Problem to solve -
Each line of the listing must be transcribed exactly, except for the images, which should be excluded.

Data for review -

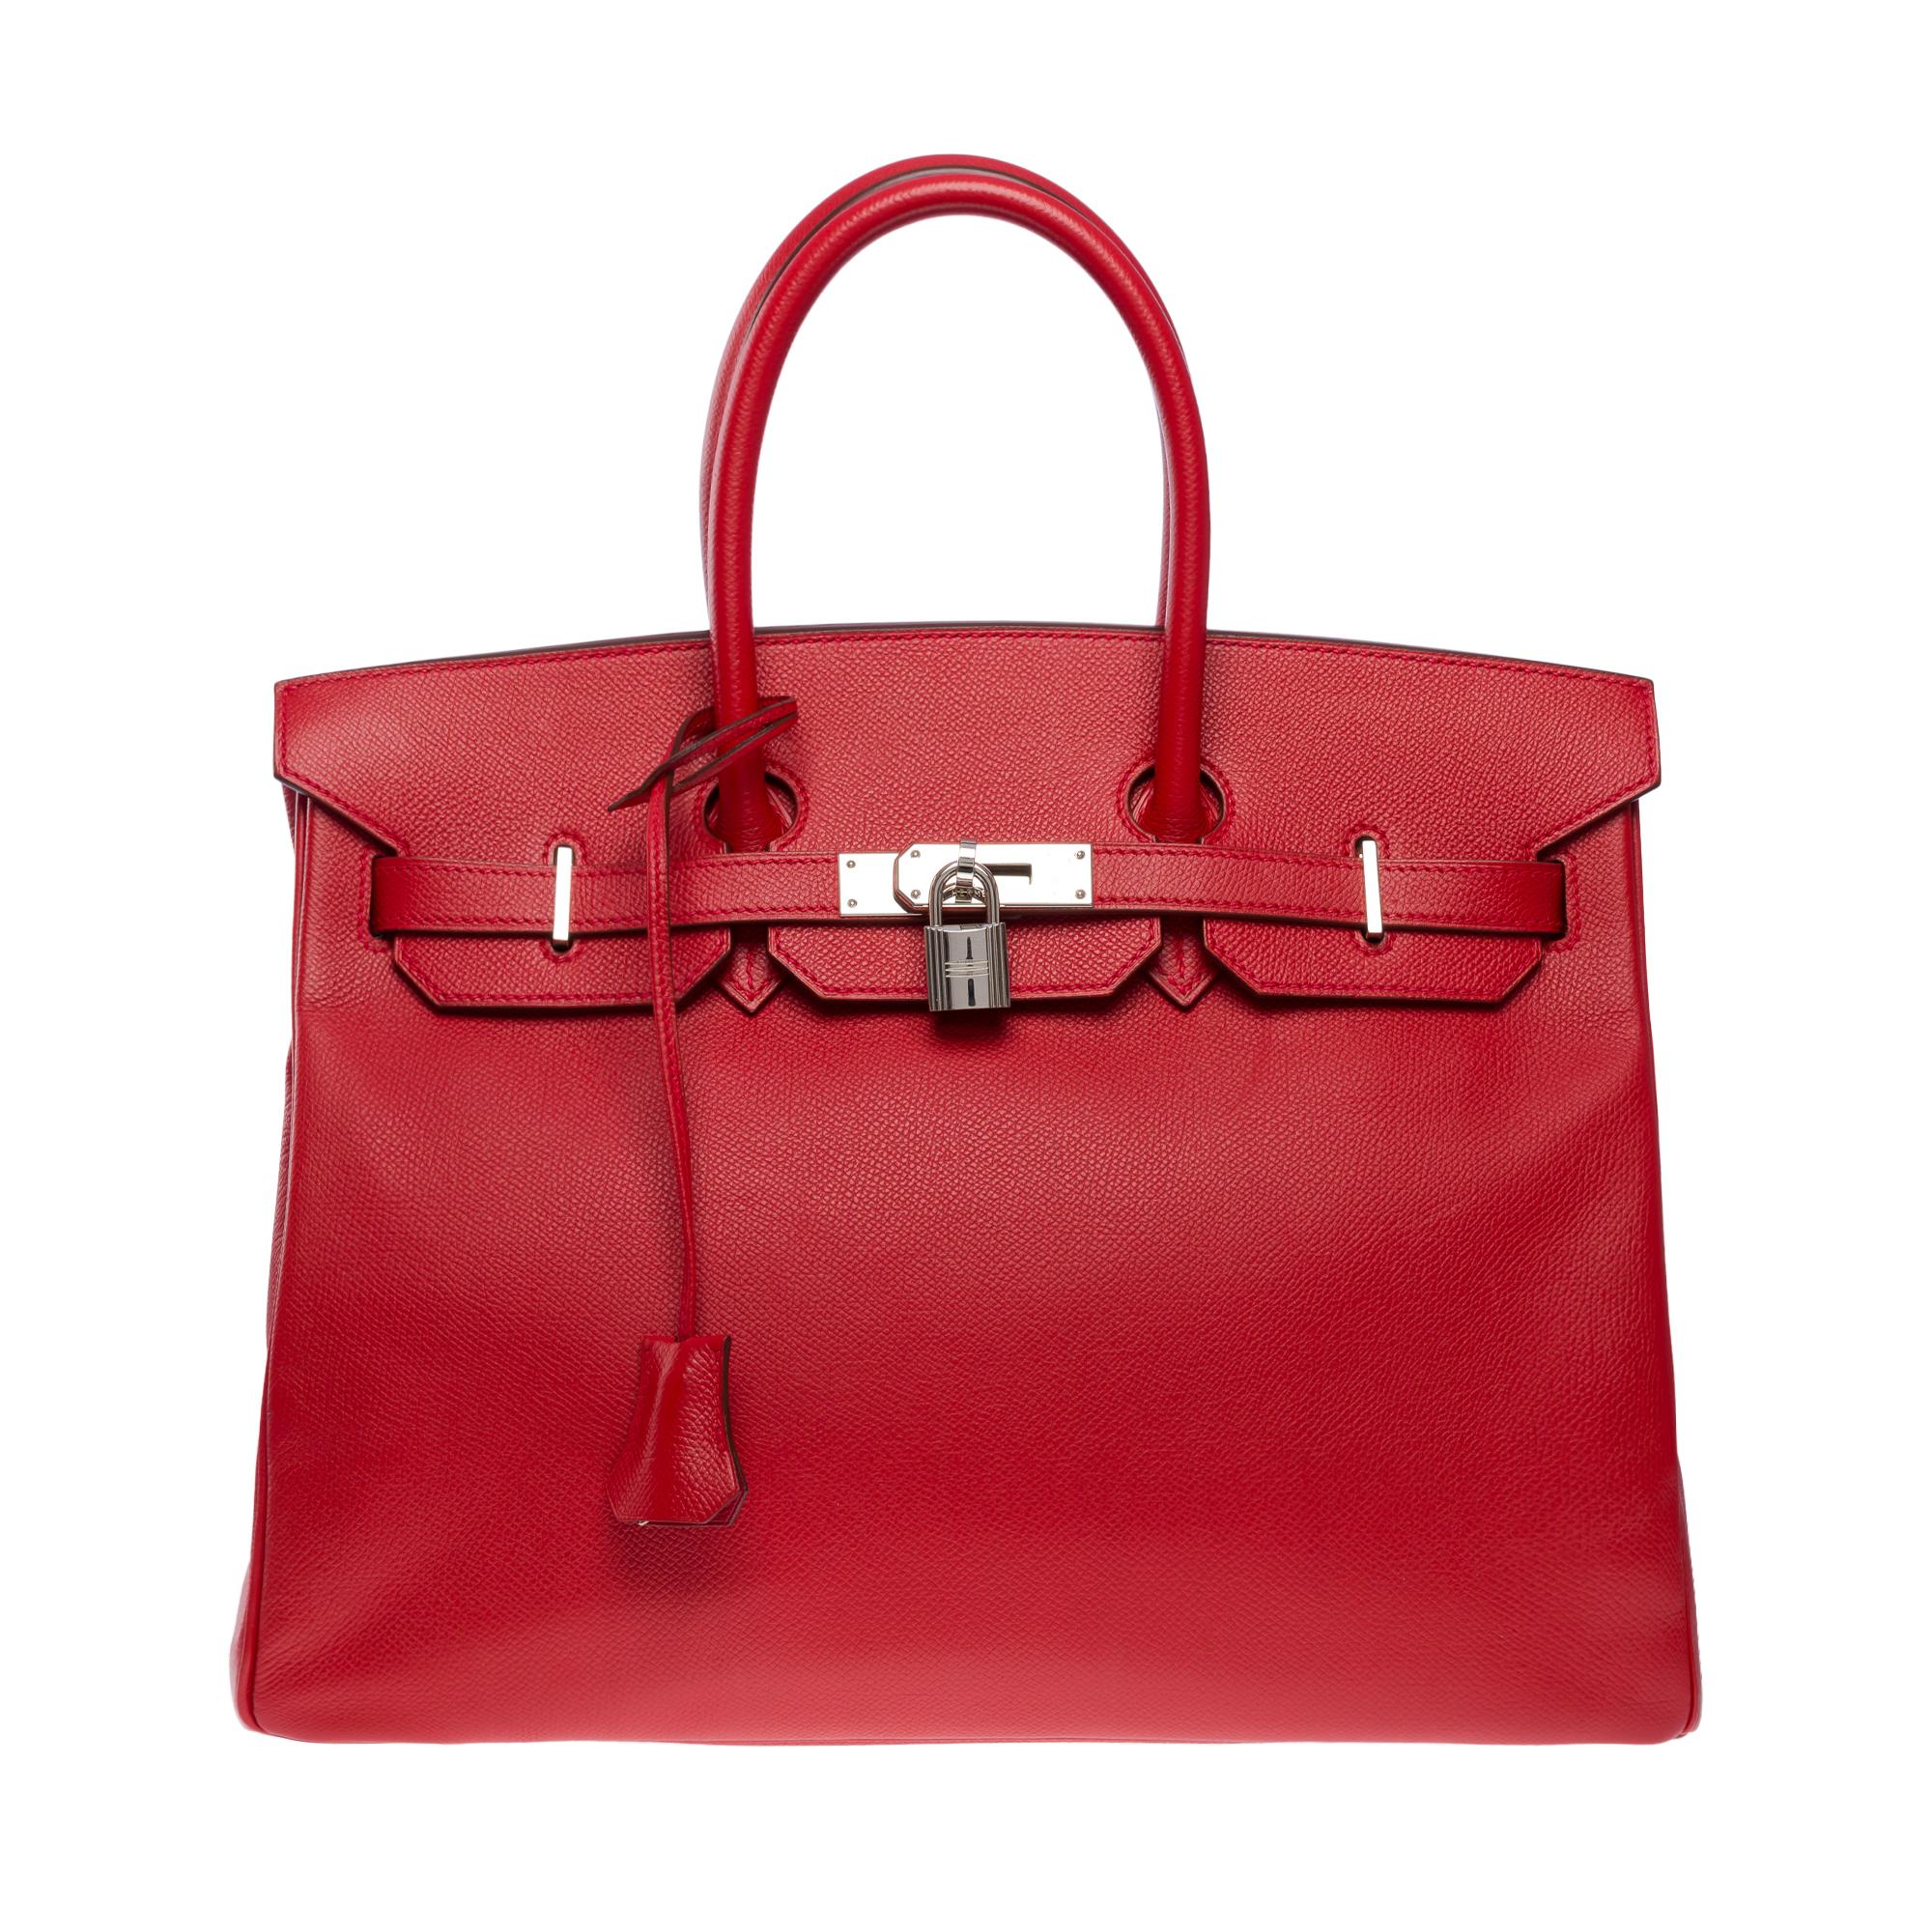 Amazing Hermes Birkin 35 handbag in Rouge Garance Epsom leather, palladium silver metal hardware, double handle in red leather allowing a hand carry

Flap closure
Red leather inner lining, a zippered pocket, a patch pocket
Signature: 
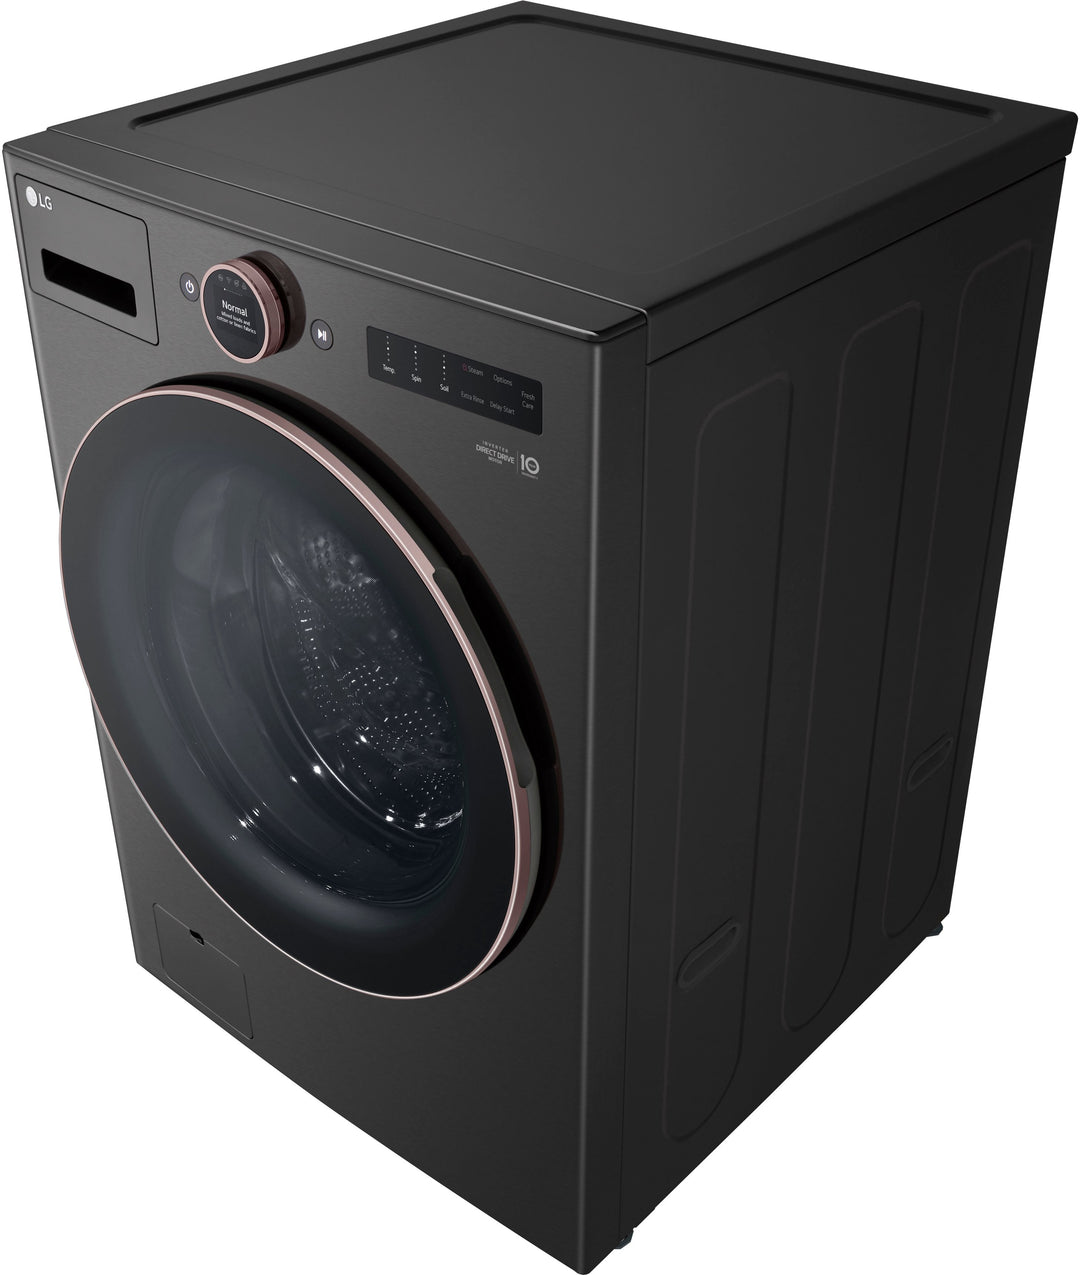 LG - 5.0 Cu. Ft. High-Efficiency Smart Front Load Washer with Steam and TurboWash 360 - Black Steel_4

Answer section -
 Amazing Hermes Birkin 35 handbag in Rouge Garance Epsom leather, palladium silver metal hardware, double handle in red leather allowing a hand carry

Flap closure
Red leather inner lining, a zippered pocket, a patch pocket
Signature: 
 LG - 5.0 Cu. Ft. High-Efficiency Smart Front Load Washer with Steam and TurboWash 360 - Black Steel_4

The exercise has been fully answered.